Combination of Formal and Informal Approaches
to Validate Embedded Software
Institute for Safety Technology (ISTec) GmbH
Forschungsgelände 85748 Garching Germany
Thanks to the flexibility provided by software-based components, the diffusion of embedded controllers in safety-relevant applications is continuously expanding; for similar reasons, also the complexity of safety-critical functionalities is increasing. The considerable progress achieved during the last decade in the area of formal methods has reduced one main source of faults, namely those caused by erroneous implementation; the growing responsibility of software controllers for complex tasks tends, however, to shift the major source of problems from the actual software development phases up towards the earlier phases of requirements analysis.
The talk will analyse formal and informal techniques applied to verify and validate software-based embedded systems, especially in case of safety-relevant applications. It will focus on the strength of each class and will illustrate their limits in the light of some recent real-world accidents, mostly related to incomplete or erroneous requirements. The main lesson to be learnt from these failures is the need for combining formal and informal techniques in order to support the rigorous representation, analysis and validation of requirements in the early, not fully formalizable design phases. Two different examples are chosen to illustrate this approach.
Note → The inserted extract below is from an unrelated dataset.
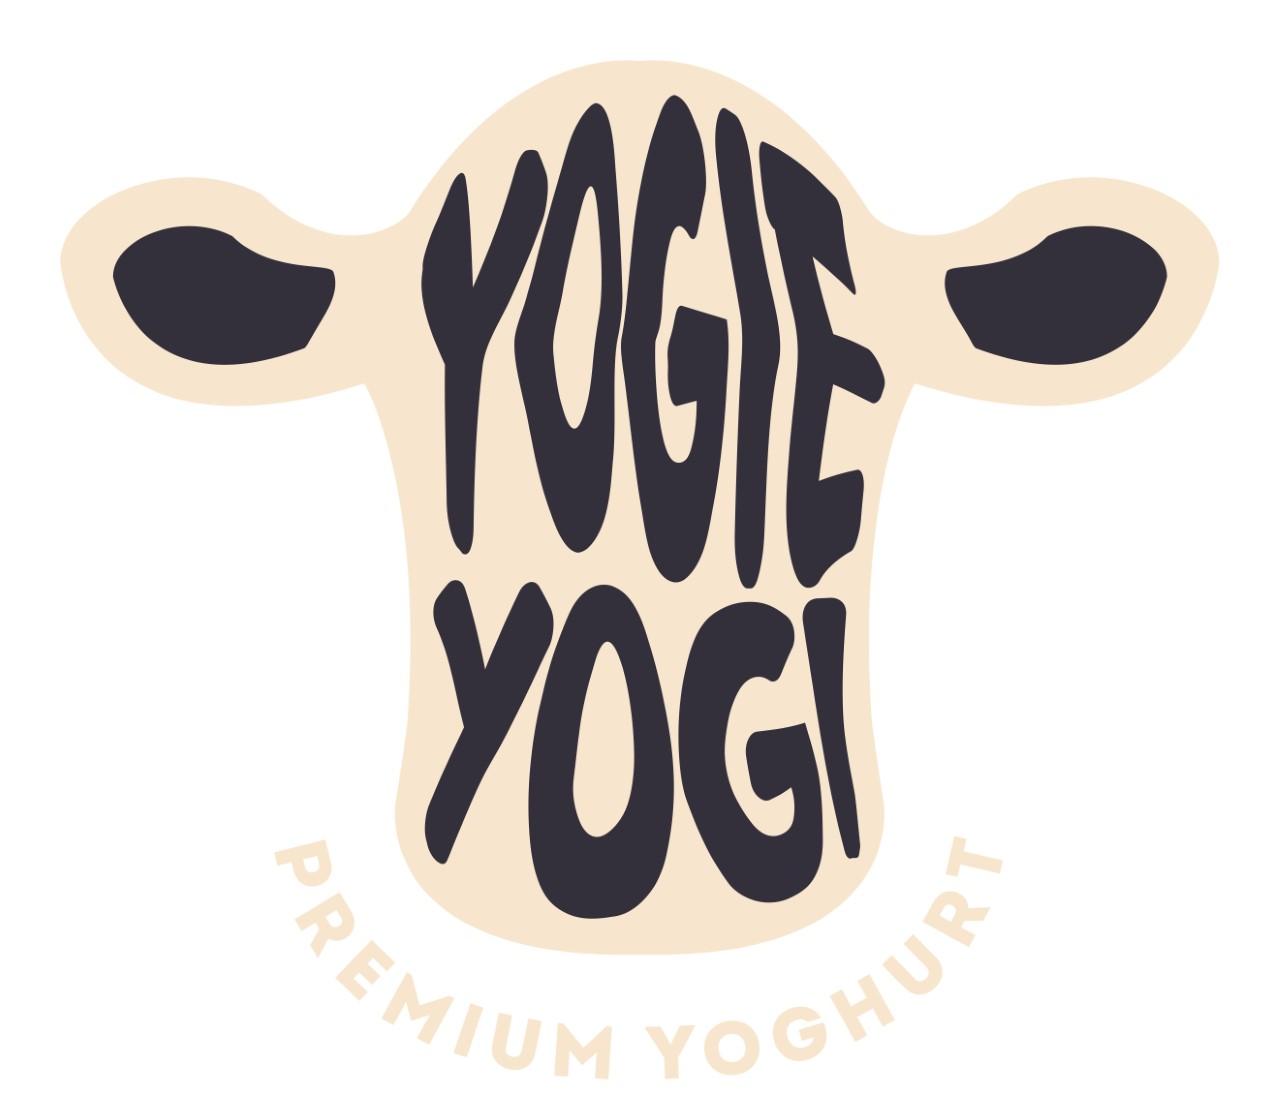 YOGIE YOGI

The first one focuses on hybrid modelling languages (like Time Petri Nets), allowing the integration of logical discreteness and physical continuity. A systematic analysis of safety-related system properties supports the early identification of weak design assumptions.
The second approach aims at supporting design for safety by applying formal decisions to optimize checkpointing when implementing fault-tolerant software. During code execution a formal mechanism is responsible for interrupting the ongoing operation and check intermediate values, or for proceeding and postponing the check. Like for other areas of safety engineering, the use of binary decision diagrams is recommended.